*** Opening RAW DATA ***

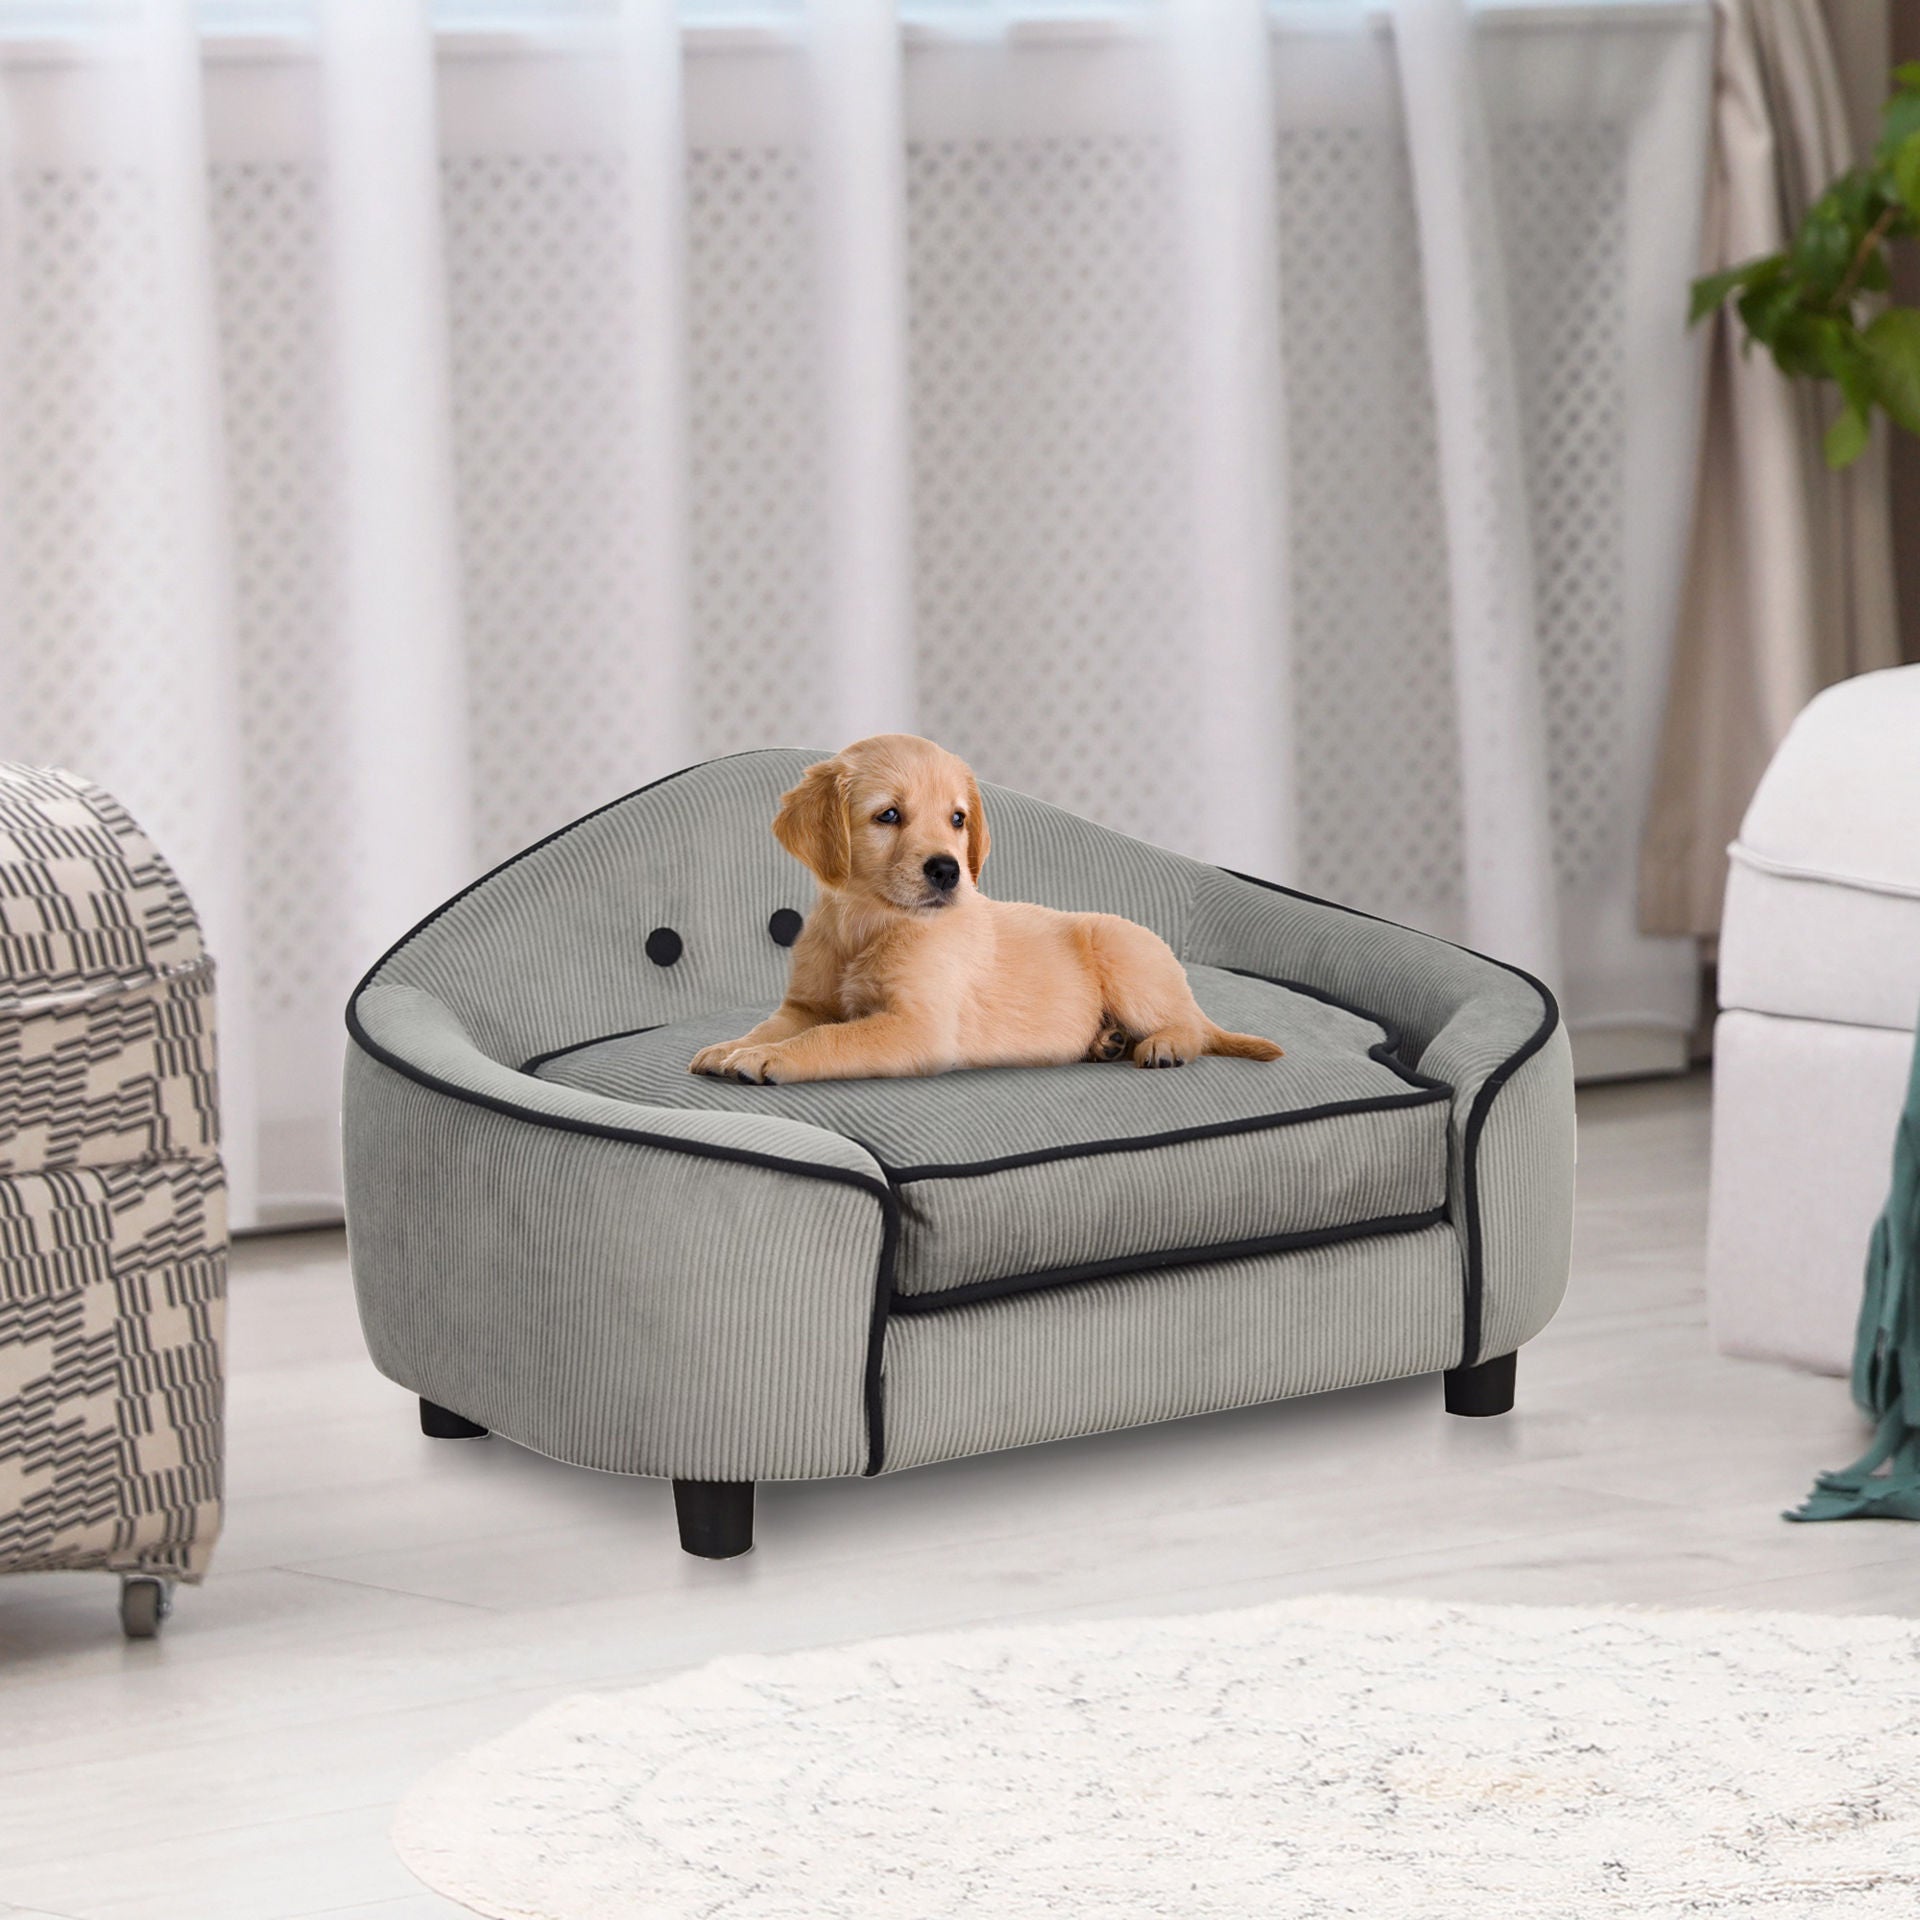 Canapé Alloa Dog de Nancy, lit pour chien, tapis pour chien, canapé pour chien, bois naturel + coussin
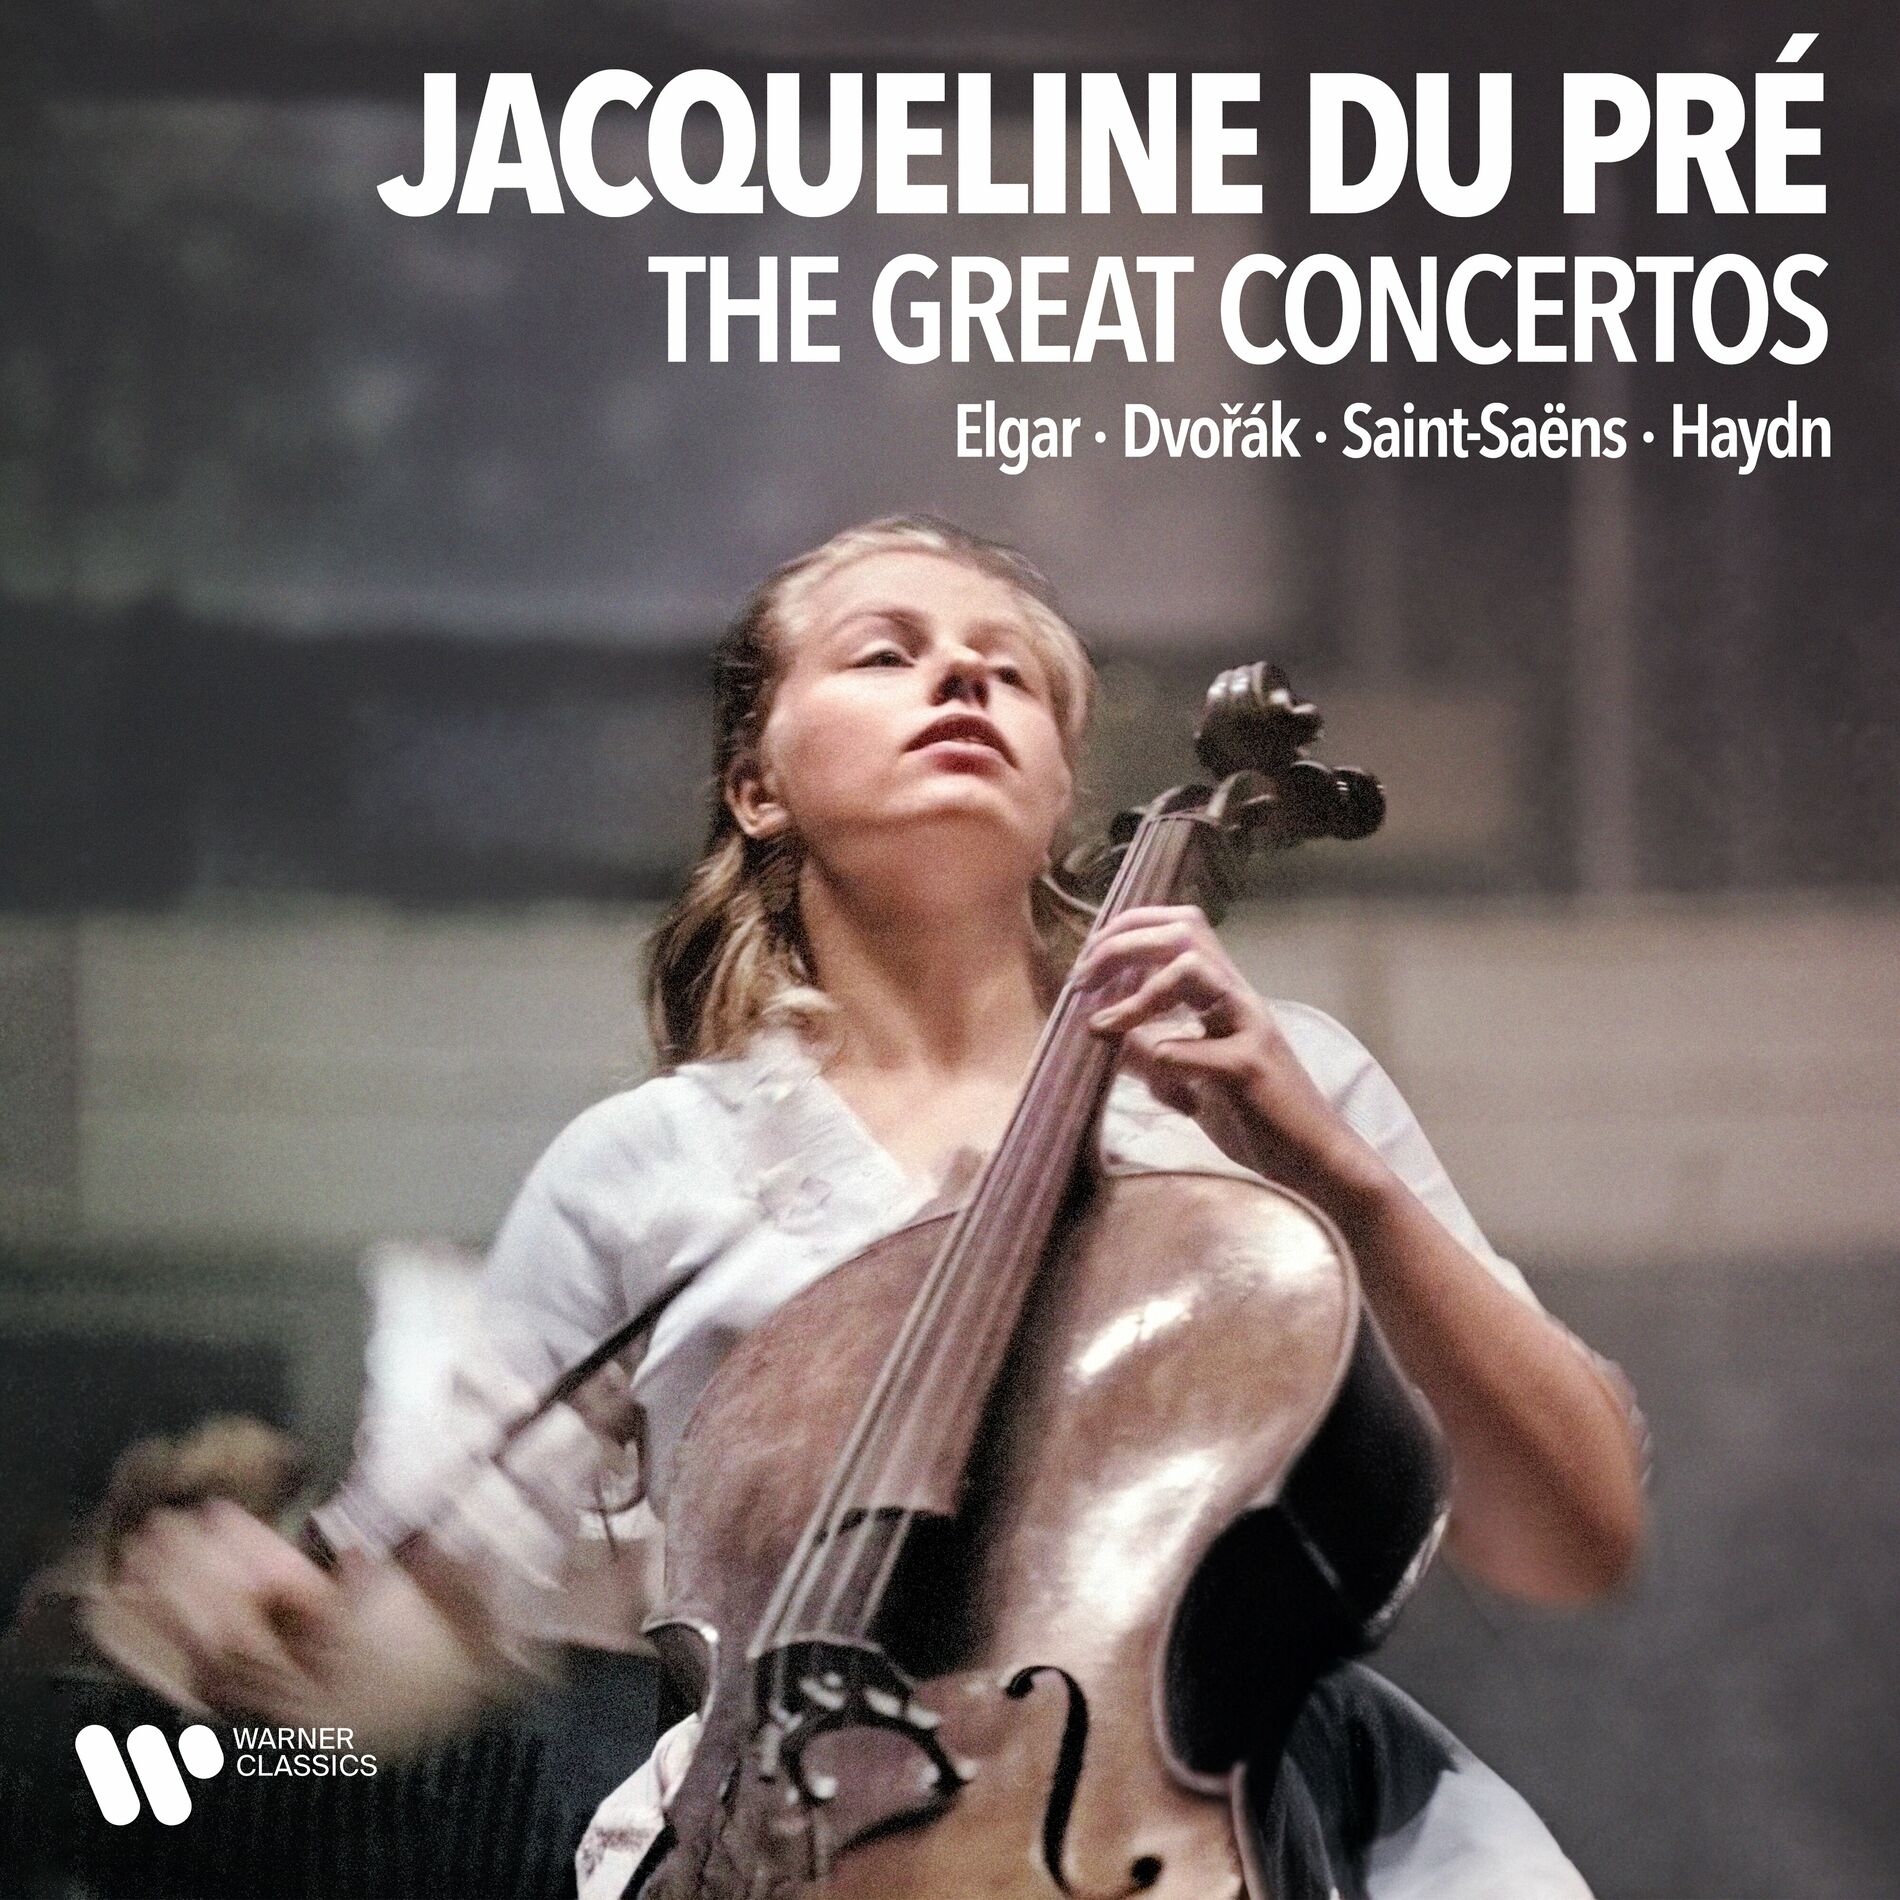 Jacqueline du Pré: albums, songs, playlists | Listen on Deezer
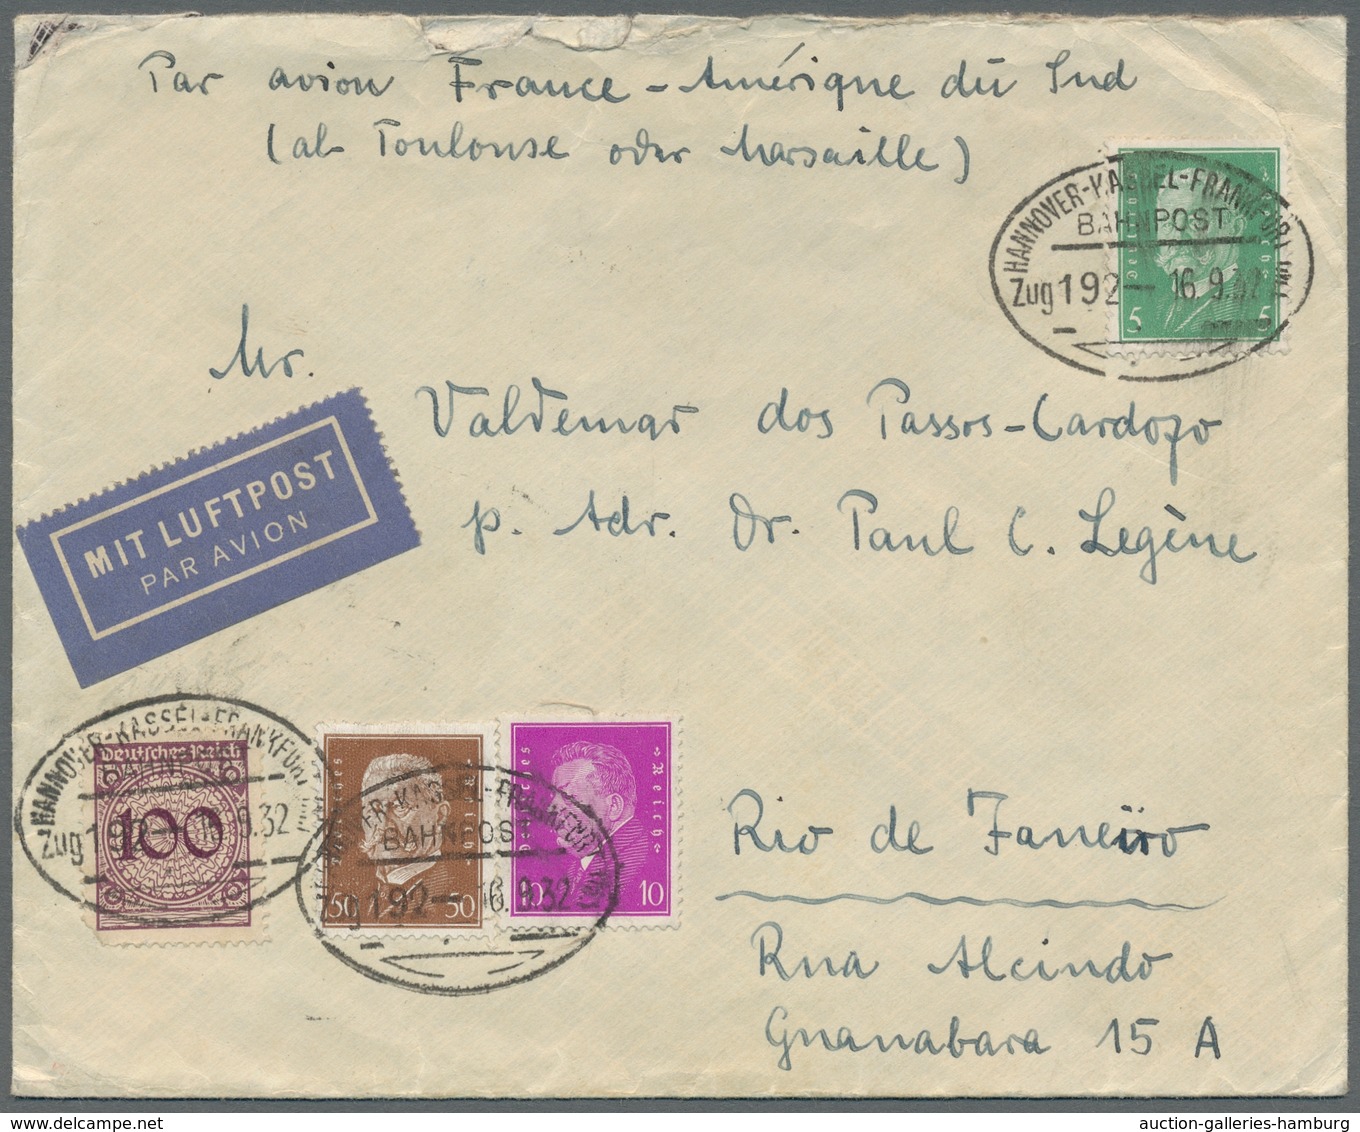 Deutsches Reich: 1932-1938, Bestand von 9 Luftpostbriefen welche alle nach Brasilien gelaufen sind m

*** Closing RAW DATA ***

*PROBLEM DETAILS*:
Write out every line above again exactly, with the pictures left out.

*ANSWER FOR THIS EXERCISE*:
 Canapé Alloa Dog de Nancy, lit pour chien, tapis pour chien, canapé pour chien, bois naturel + coussin
 Jacqueline du Pré: albums, songs, playlists | Listen on Deezer
 Deutsches Reich: 1932-1938, Bestand von 9 Luftpostbriefen welche alle nach Brasilien gelaufen sind m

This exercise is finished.